Year: 2012 | Volume: 11 | Issue: 4 | Page No.: 408-413
DOI: 10.3923/itj.2012.408.413
Web Information Extraction Based on Visual Characteristics
Ruyue Tan

Abstract: Due to the explosive development of Internet technology, the web is becoming the world's largest database of information, effective management and utilization of web information is currently a hot issue. This study mainly discusses the extraction of web information. Traditional web information extraction is mainly based on DOM tree and HTML tag analysis. Based on VIPS, the study proposes visual block positioning algorithm for webpage information extraction through induction webpage visual features and visual block feature information. It inputs the theme-based webpages and BBS webpages for VIPS, analyzes the output of VIPS and the VBT and then defines visual characteristics such as text density and link text density. The study puts forward a visual block positioning algorithm VBPA. It will position the theme information block to one VBT node, then extract the theme information. Experimental results show that the visual block positioning algorithm based on visual features is superior to the traditional web information extraction algorithm and has a higher quality of information extraction.

Fulltext PDF Fulltext HTML

How to cite this article
Ruyue Tan , 2012. Web Information Extraction Based on Visual Characteristics. Information Technology Journal, 11: 408-413.

Keywords: visual pieces positioning; VBPA, VIPS, BBS information extraction and Subject extraction

INTRODUCTION

Rich in content exhibiting and interacting, the web conveys information visually (Cai et al., 2003a). Web visitors subconsciously partition the layout by visual characteristics to search more efficiently. Hence, in visual recognition, special information and visual features are significant. By analyzing visual information and layout features, the study manages to partition pages into blocks by VIPS (Cai et al., 2003b), effectively positions specific blocks and extracts further valuable information.

RELATED WORKS

Information extraction methods can be classified into 2 classes: one is wrapper induction systems with delimiter-based rules; the other includes methods with syntactic/semantic constraints.

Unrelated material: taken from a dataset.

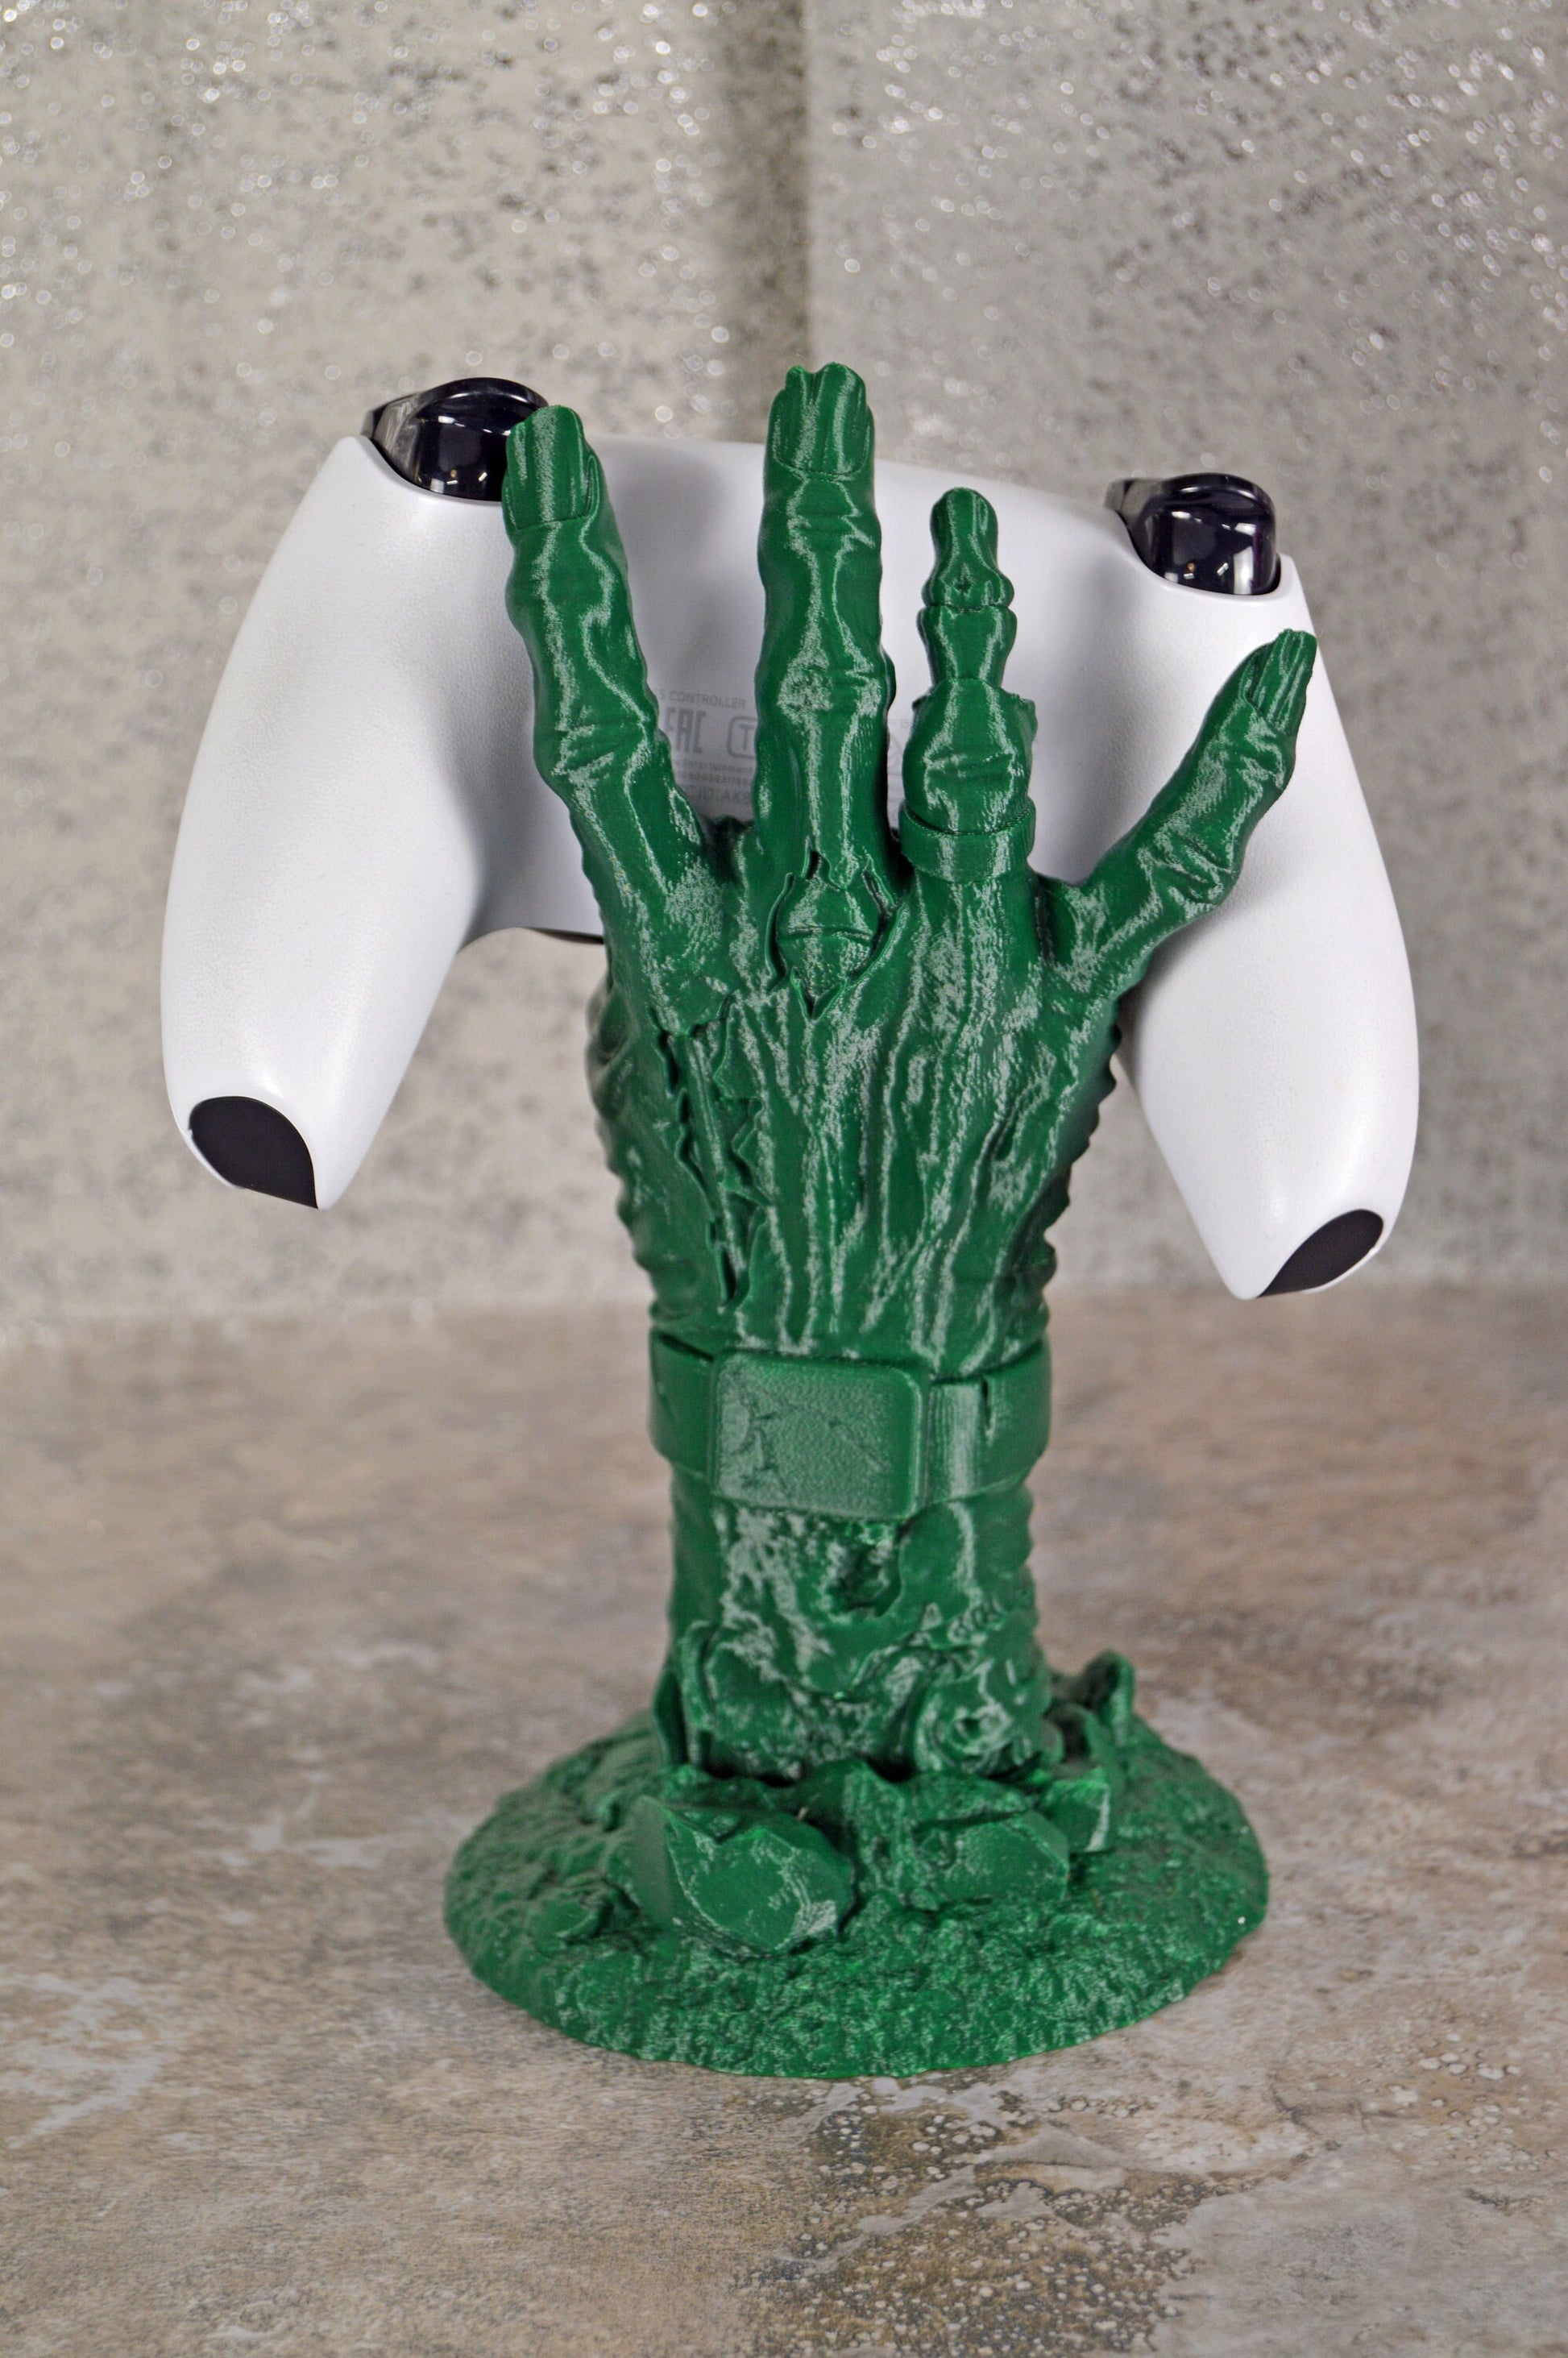 Zombie Hand Controller Holder, Gaming Controller Stand, Controller Display Stand, Controller Holder Desk, Controller Accessories

There are also different taxonomies for extraction toolkits (Chang et al., 2006). For the first, Sarawagi classified wrappers into 3 kinds by tasks (Sarawagi, 2002): record-level, page-level and site-level wrappers. For the second, Laender categorizes it by wrapper-generating method (Laender et al., 2002): Languages for wrapper development (e.g., Minerva (Crescenzi and Mecca, 1998); HTML-aware tools (e.g., W4F (Saiiuguet and Azavant, 2001)); NLP-based tools (e.g., WHISK); Wrapper induction tools (e.g., WIEN); Modeling-based tools (e.g., NoDoSE (Saiiuguet and Azavant, 2001)). Vision-based extraction remains developing. Cai et al. (2003b) proposes a top-down independent label tree but fails to locate automatically in the study of Liu and Meng, (2006) extracts automatically but is too complex. By analyzing visual features of different areas and their general characters, VBPA is proposed.

VIPS (VISION-BASED PAGE SEGMENTATION)

VIPS, proposed by Microsoft Research Asia, is an iterative top-down process. Its description will not be repeated again but is incorporated herewith by Cai et al. (2003b). VIPS parses a input page into a VBT (Liu and Meng, 2006), shown in Fig. 1.

Fig. 1: An example webpage corresponding VBT

VBT has three characteristics: each node equals to a visual block; each node equals to a visual area; VBT parent-child nodes are in containing relationship in corresponding page areas. Cai et al. (2003b) provides a segmentation algorithm but did not deal with extraction. Based on VIPS proposed by Cai et al. (2003b), the study proposes VBPA.

VBPA AND WEB INFORMATION EXTRACTION

With visual blocks obtained by VIPS, information positioning and extraction can be done by VBPA.

The eigenvalue of visual block B: For each visual block B in the VBT, record its location, size, image information and text feature. Set the upper left corner vertex as the origin and the coordinates of the right bottom corner vertex as (Width, Height). Width and Height are the width and height of each block, the coordinates of center of each page block is (CenterX, CenterY). By VIPS, these can be got: distance from every B to the top margin of current page B_top, to the left B_top, position of the horizontal and vertical central axis L_land = B_top + 0.5 Height and L_protrait = B_left + 0.5 Width. Definitions of each B are:

Definition 1: The distance α between the horizontal central axis of B and the central axis of the parent node block of B is the absolute value of difference of the position of the horizontal central axis of B L_land and the position of the horizontal central axis of the parent node block of B L_fland:

(1)

Definition 2: The distance β between the vertical central axis of B and the central axis of the parent node block of B is the absolute value of difference of the position of the vertical central axis of B L_protrait and the position of the vertical central axis of the parent node block of B L_fprotrait:

(2)

Definition 3: The semantic block B area S_B to the webpage area S_page is γ:

Definition 4: The pure text density λ is the ratio of the pure text length in B to the area of B:

(3)

L_textlength is the length of the pure text in the visual block B.

Definition 5: The link-text density of B S_B is the ratio of the link-text length in B and the area of B:

(4)

L_linklength is the length of the link-text in the visual block B.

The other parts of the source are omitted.